Do a search on "machining tungsten carbide" and read some of the answers. It sounds like you want to pre-form a tip made out of other material, then sinter the tungsten carbide layer as the new surface. Ordinary grinders and milling tools other than diamond, are too soft to machine tungsten carbide.

I was surprised when searching "tungsten carbide tip" to find pens with such tips. But they were not ink pens, but rather engraving/etching scribes.

I think tungsten carbide is pretty rough, whereas a pen nib needs to be smooth to "glide" over the paper surface.

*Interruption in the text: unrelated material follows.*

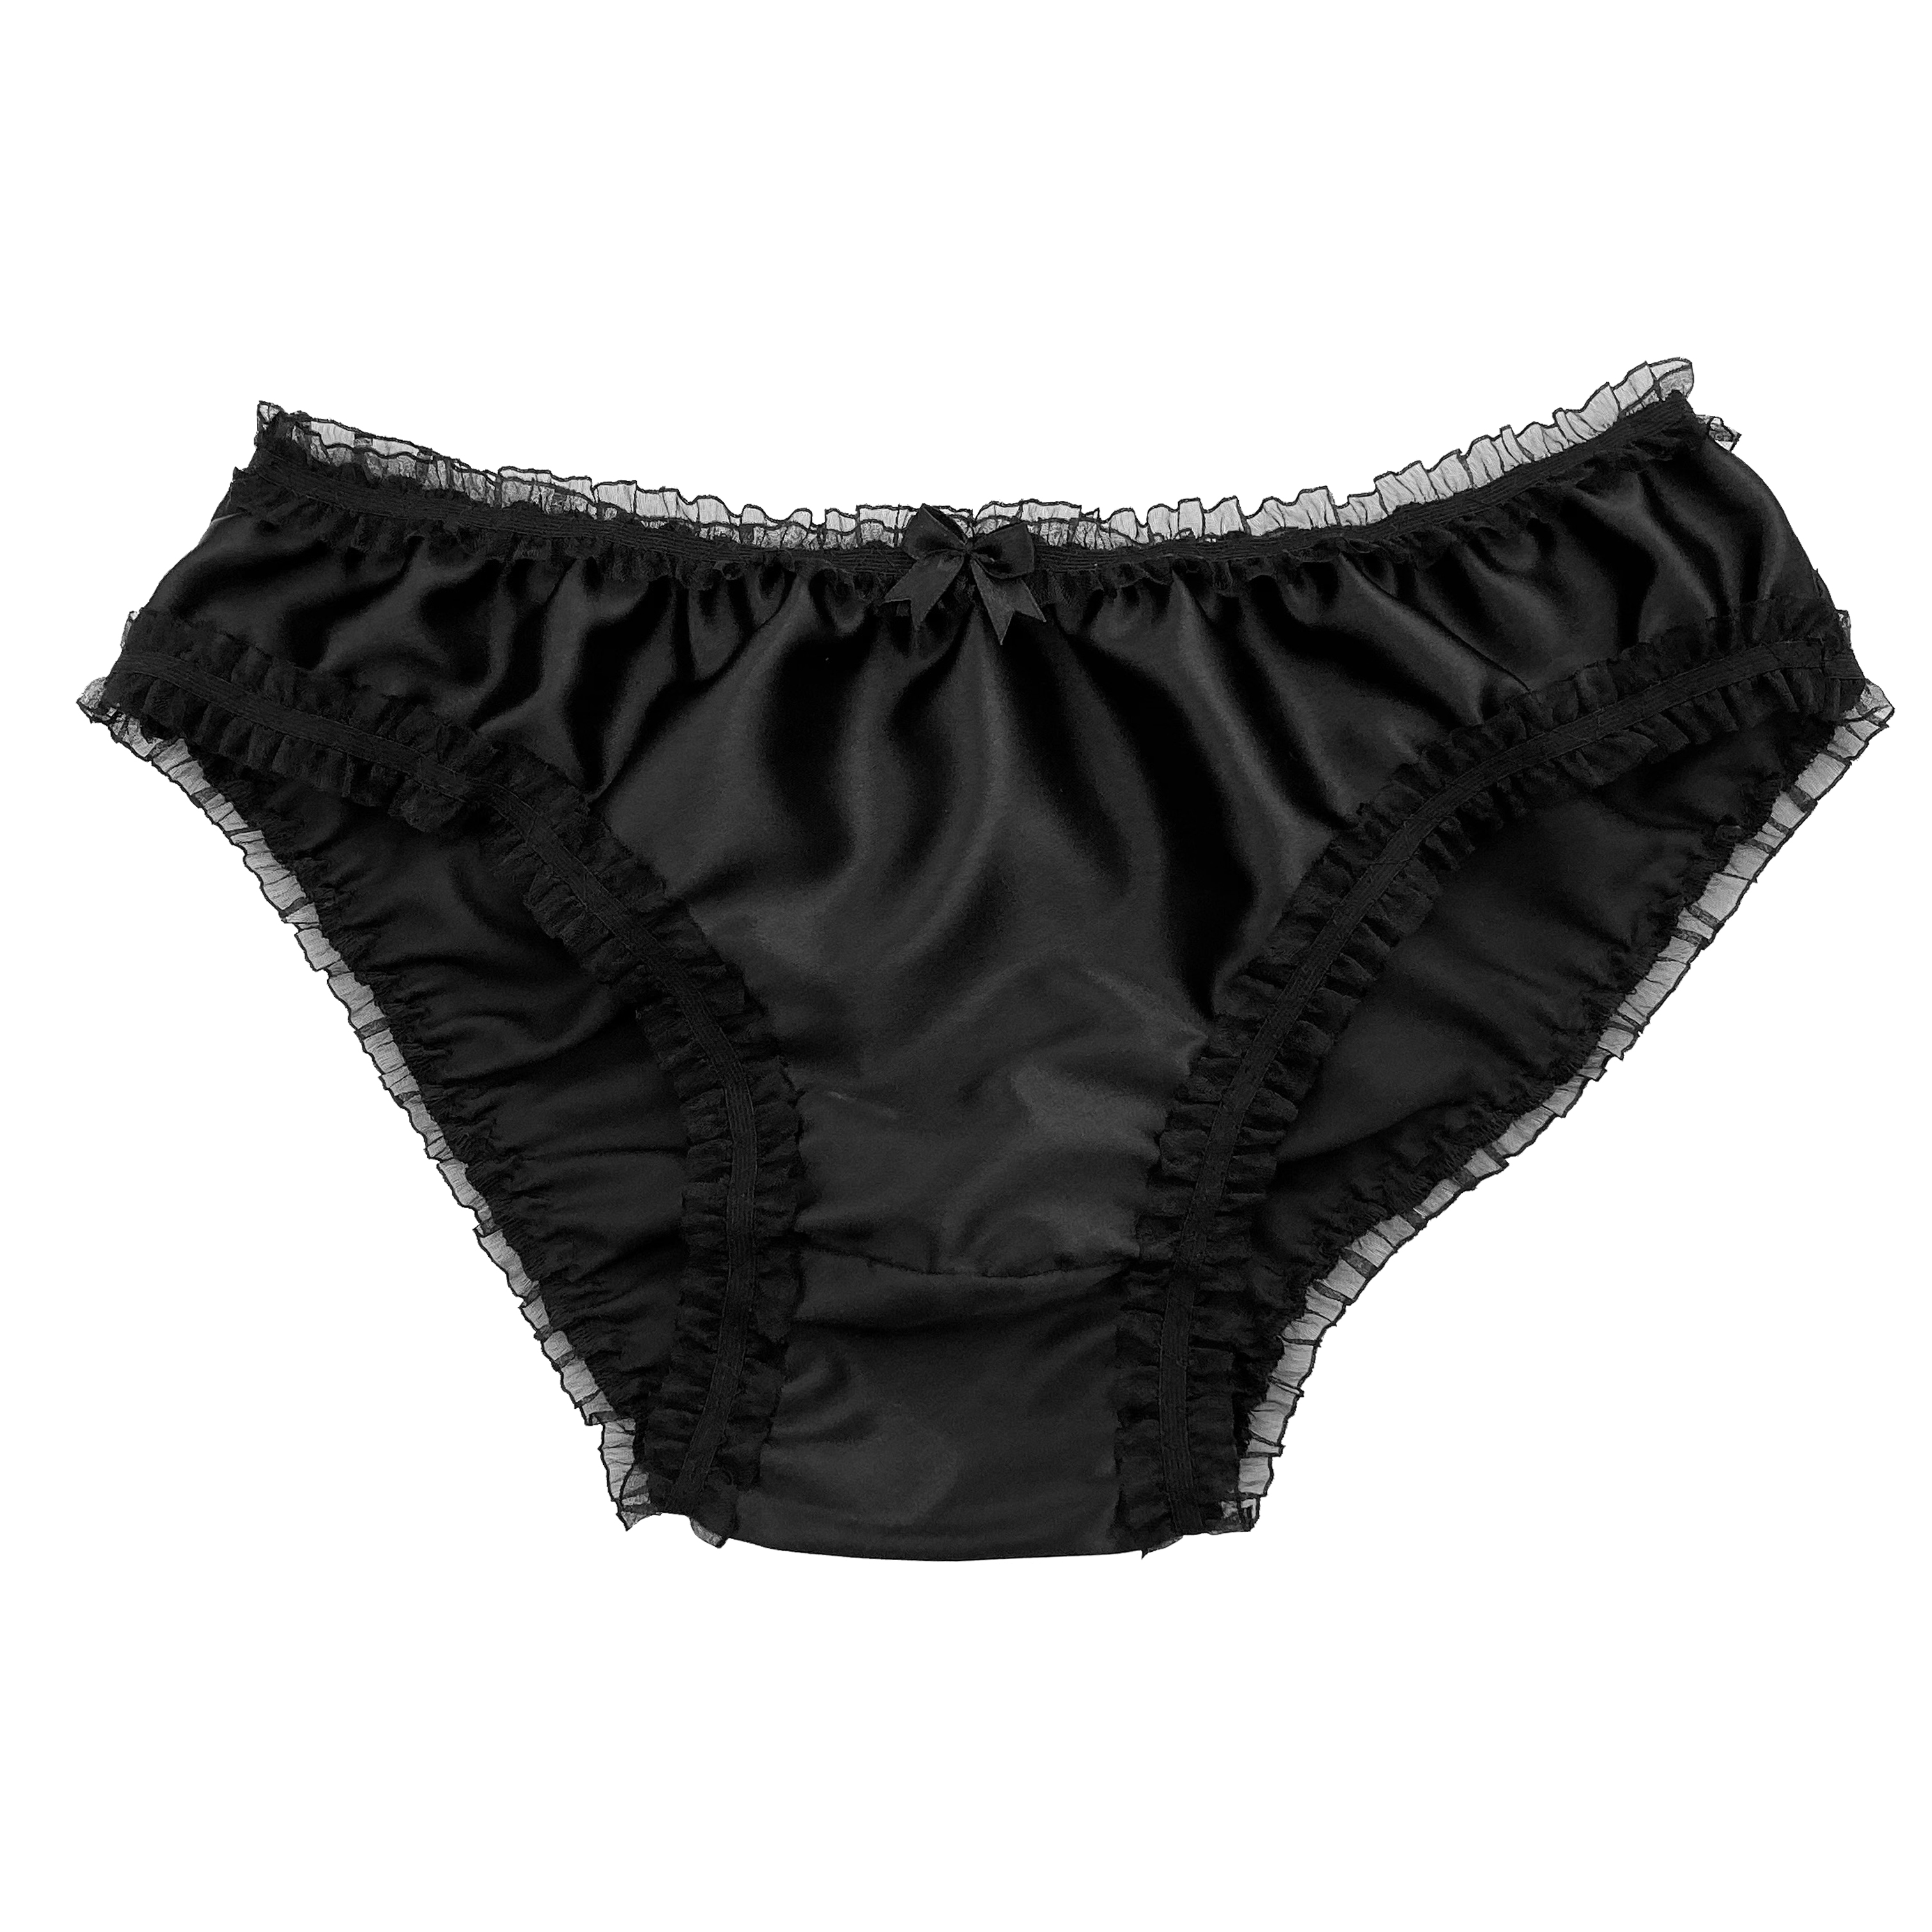 Black silky panties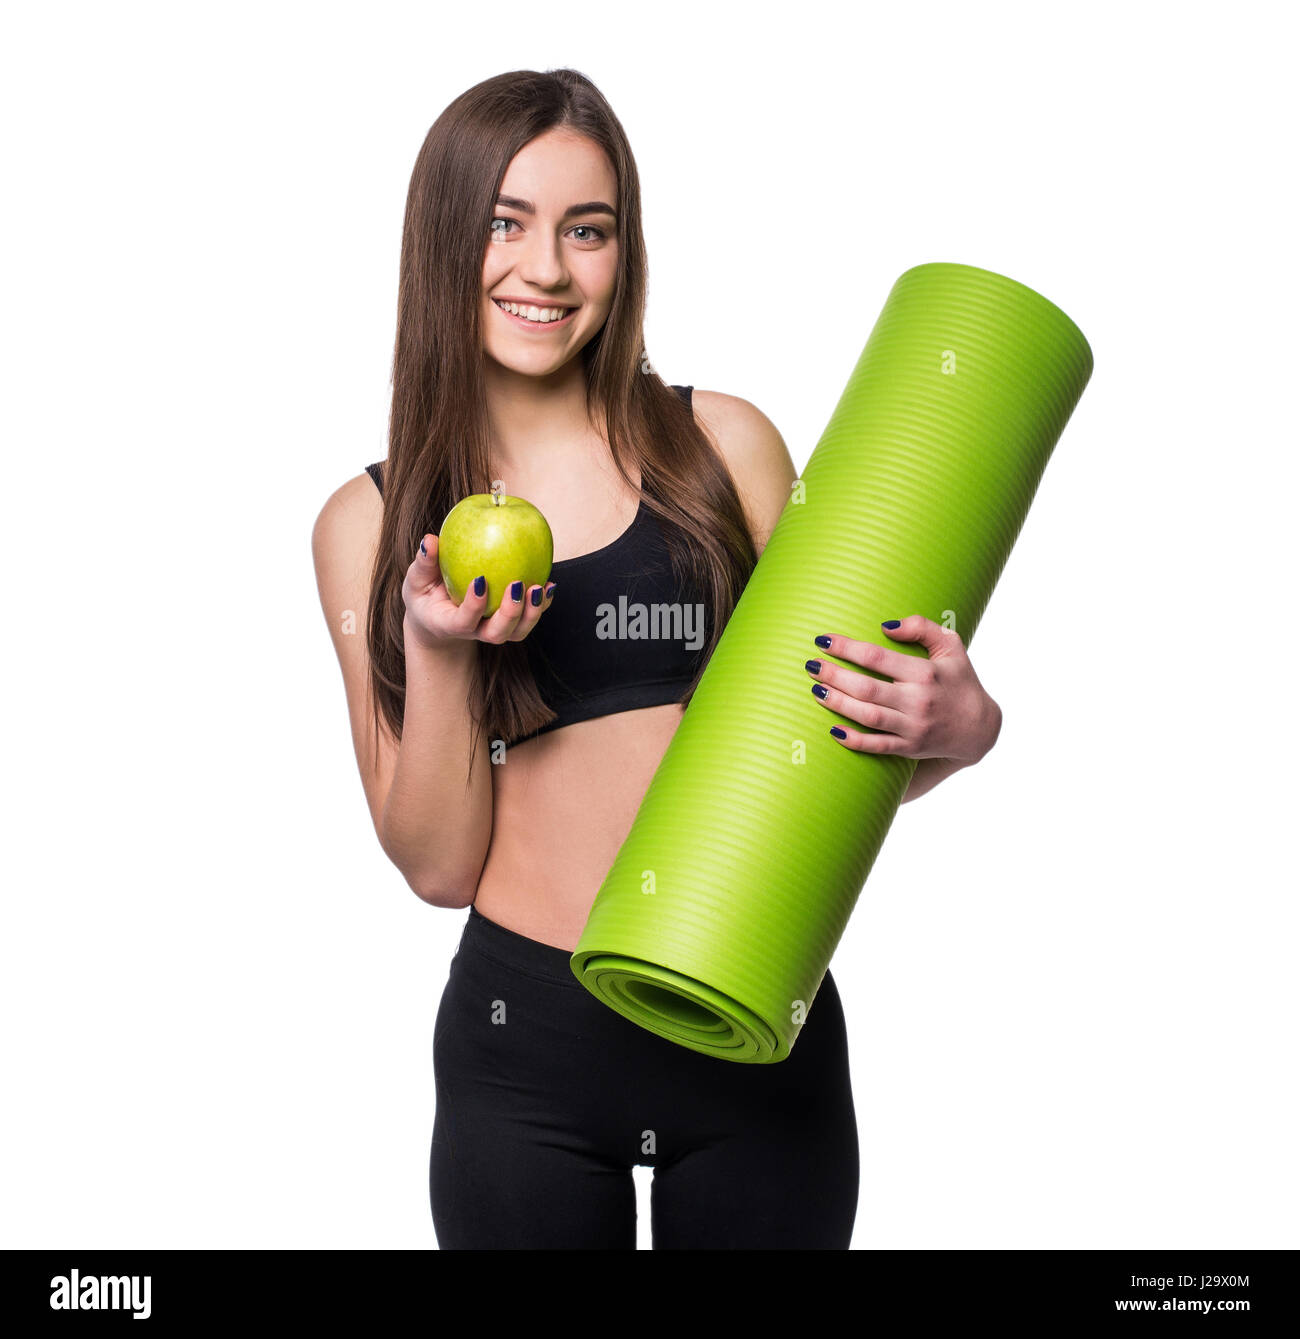 Portrait of smiling young woman holding rolled up exercice tapis de yoga et pomme verte isolée sur fond blanc Banque D'Images

Anyhow, it sounds like a good challenge. Good luck.
 
  • #4
i have already succeeded making such carbide point nib.

the relevant question here is:

low much longer would it last, compared to traditional iridosmium point nibs

writing material is paper
 
  • #5
That's really hard to say.

How do you define end of life?

How does the coefficient of friction compare tungsten versus traditional?

You would need data on abrasion resistance of tungsten versus traditional. That is related to but not identical to hardness.

You may find some data here https://en.wikipedia.org/wiki/CRC_Handbook_of_Chemistry_and_Physics
 
  • #6
anorlunda said:
How would you form it into the tip shape?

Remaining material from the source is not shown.